[<<Содержание] [Архив]        ЛЕХАИМ  МАРТ 2007 АДАР 5767 – 3 (179)

 

ПлохаЯ карма

Этгар Керет

«Пятнадцать шекелей в месяц

могут обеспечить вашей дочери сто тысяч в случае, если вы, не дай Б-г, умрете.

Вы понимаете, что такое сто тысяч

для сироты? Это – разница

между дипломированным специалистом

и регистраторшей в приемной

у стоматолога».

С тех пор как у Ошри случился несчастный случай, полисы начали продаваться с сумасшедшей скоростью. Непонятно, было ли это, потому что он слегка хромал, либо его парализованная правая рука настолько впечатляла встречавшихся с ним людей, что они с готовностью покупали «страховку». Причем на все случаи: «страхование жизни», «потеря трудоспособности», полная медицинская «страховка»… Абсолютно все!

Поначалу Ошри все еще пускал в ход свои прежние истории.

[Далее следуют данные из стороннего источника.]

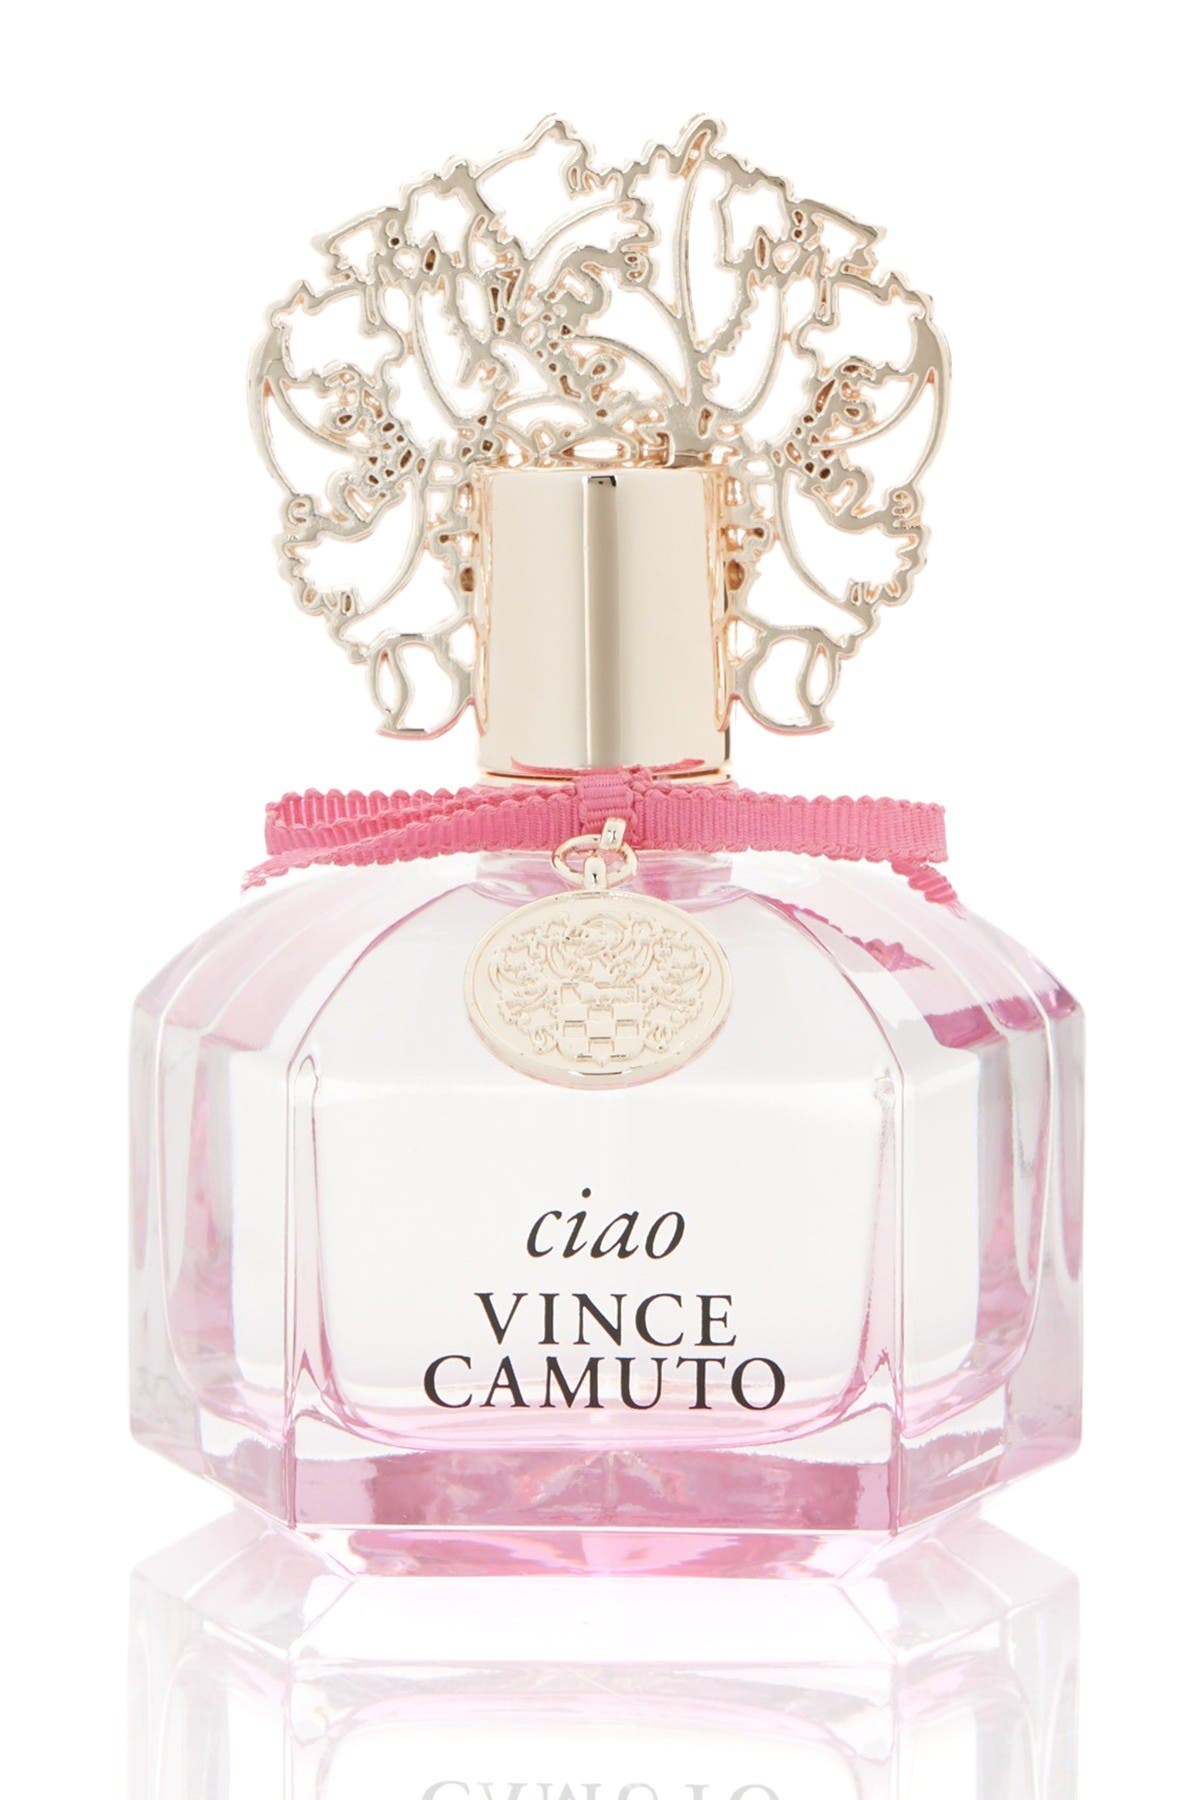 Vince Camuto Vince Camuto Ciao Eau de Parfum for women

Например, о йемените, которого в день его страхования сбил развозивший мороженое фургон, когда тот шел забирать дочку из детского садика; и еще о человеке из Кфар-Шмарьяу, что раскатисто рассмеялся над предложением Ошри приобрести медицинскую «страховку», а потом, спустя месяц, сам же и позвонил и, рыдая, рассказал, что у него обнаружили рак поджелудочной железы. Однако очень скоро Ошри сообразил, что его собственная история гораздо эффективнее воздействует на людей.

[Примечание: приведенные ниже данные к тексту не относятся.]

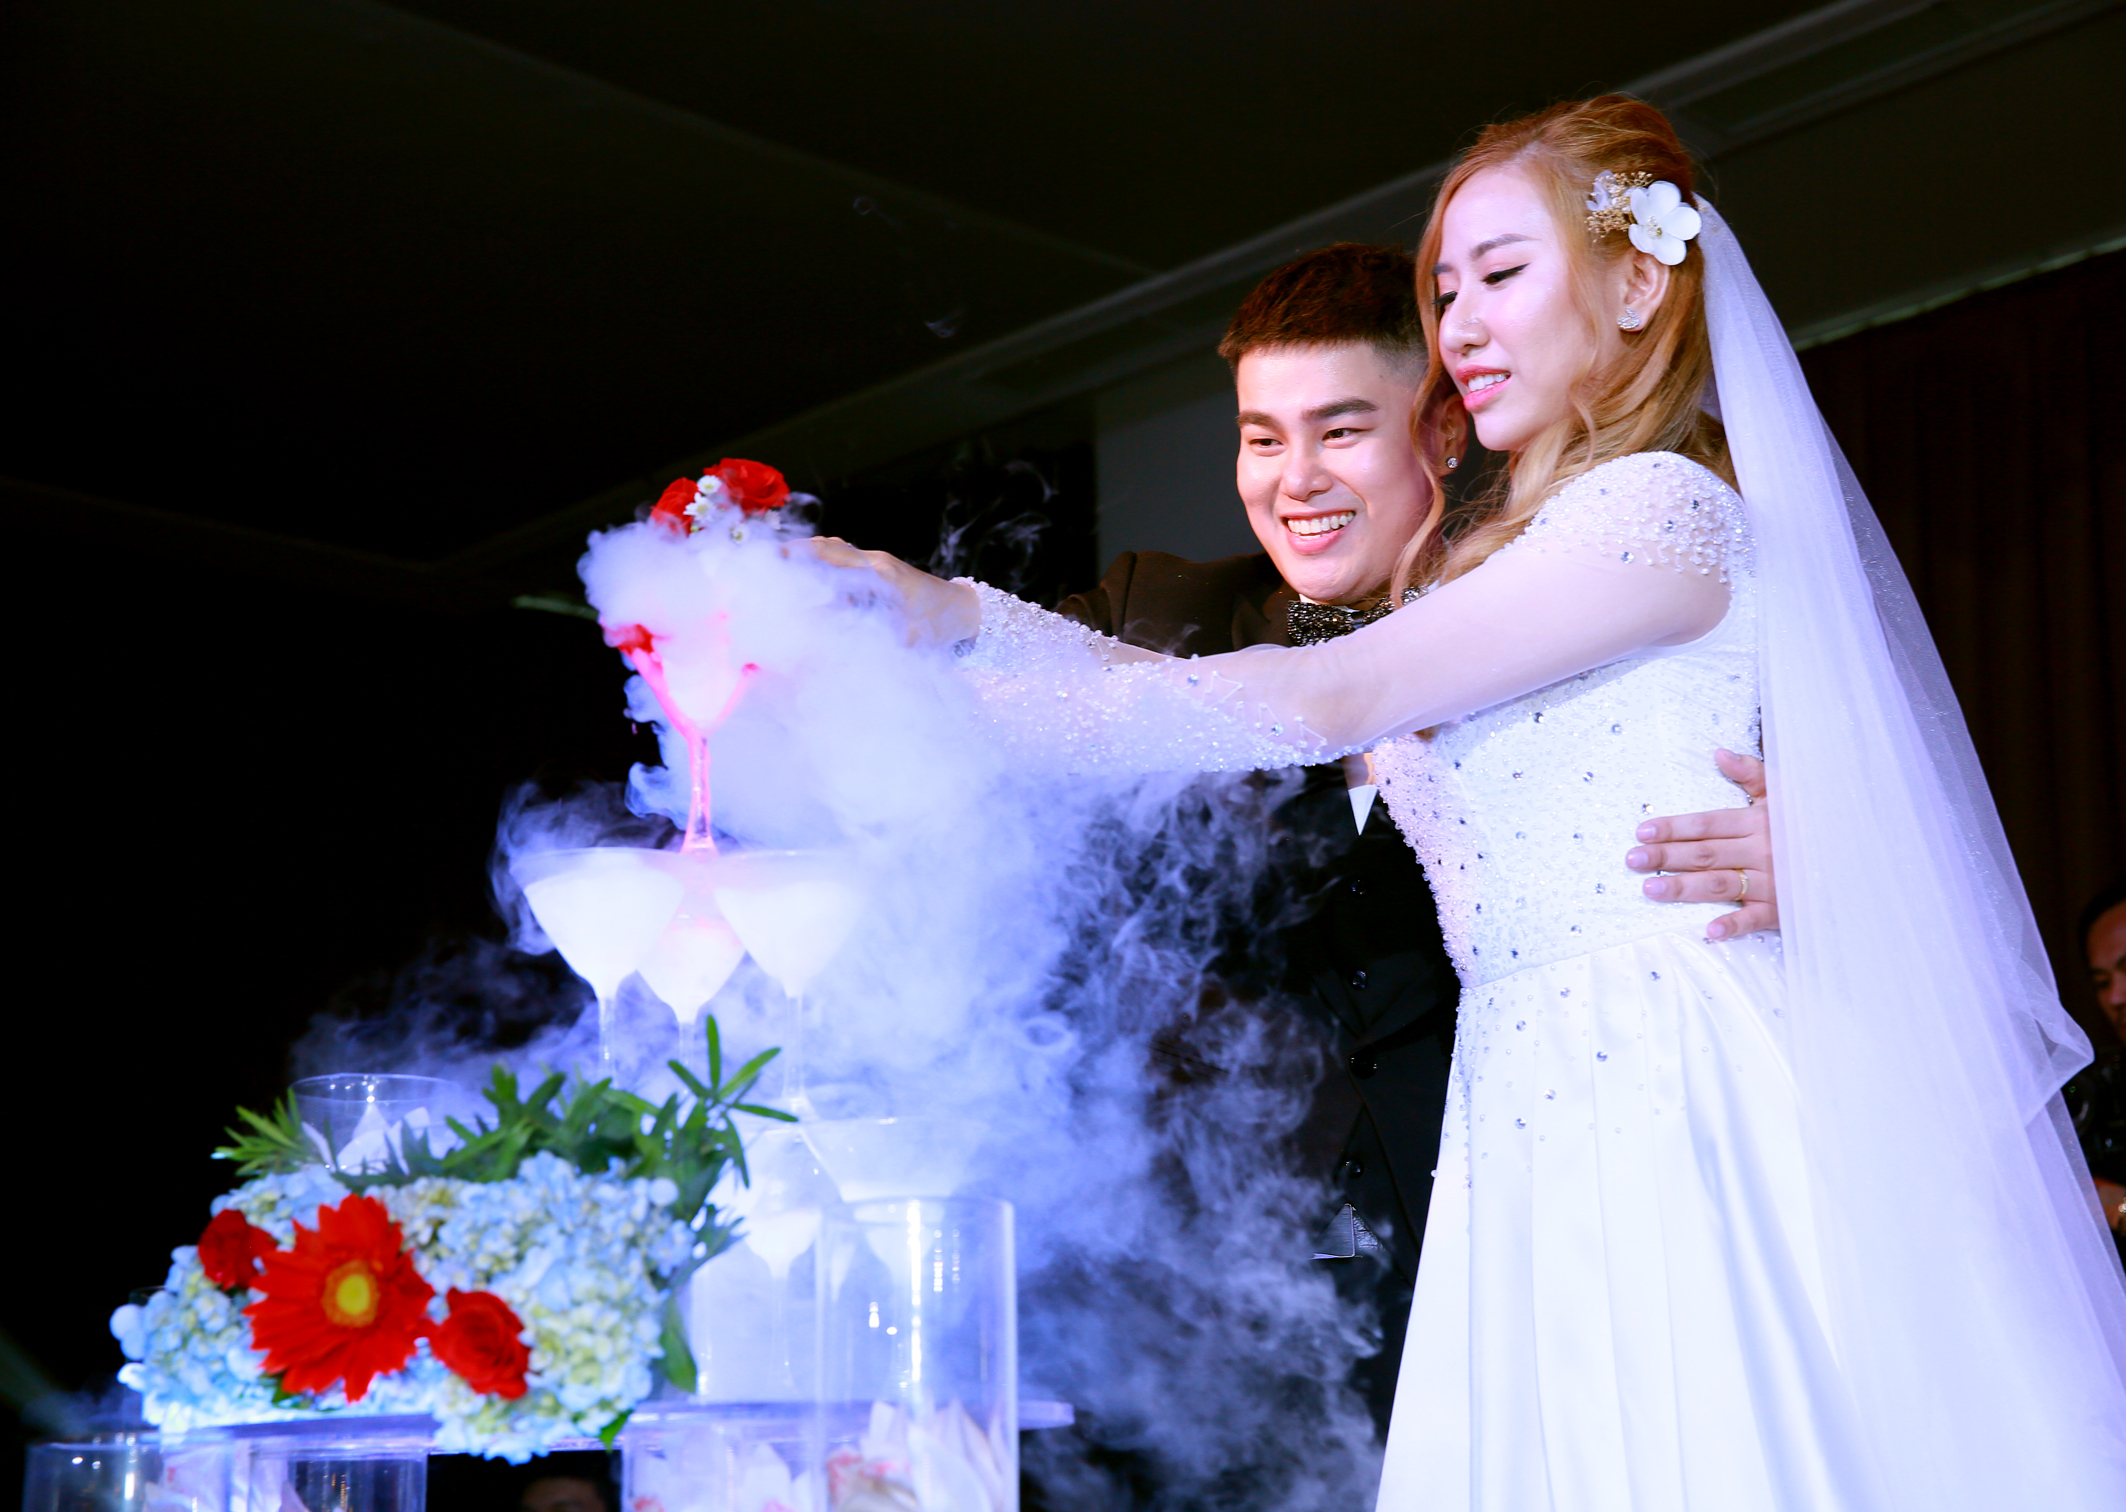 Ca, nhạc sĩ Nguyễn Đình Vũ và bạn gái yêu 8 năm - Ngọc Diệp -&nbsp;vừa tổ chức đám cưới tại một nhà hàng ở TP.HCM.&nbsp;

Он, страховой агент Ошри Сиван, однажды сидел на деловой встрече с потенциальным клиентом в летнем кафе около парка «Ган а-ир», когда вдруг решивший покончить с жизнью молодой человек выбрасывается с 11-го этажа и… бум!.. падает прямо на Ошри. Самоубийца погибает, а он, Ошри, только что закончивший рассказывать своему сомневающемуся клиенту о йемените и фургоне с мороженым, теряет сознание. Он не очнулся ни тогда, когда ему брызгали на лицо водой, ни в машине «скорой помощи», ни в приемном покое, ни даже в отделении реанимации. Он пребывает в коме, а врачи избегают всяческих прогнозов. Жена и дочка, постоянно сидя возле его кровати, плачут. Так проходит шесть недель, и… случается чудо! Ошри выходит из комы: как ни в чем не бывало он открыл глаза и… встал. Однако вскоре на смену радости приходит горькая правда. Наш Ошри, по сути, лишь на словах, как говорится, был молодцом, а на деле оказался простофилей. Именно по причине отсутствия у него какой бы то ни было страховки он вынужден был продать квартиру и перебраться на «съемную», потому как не мог выплачивать банковский заем.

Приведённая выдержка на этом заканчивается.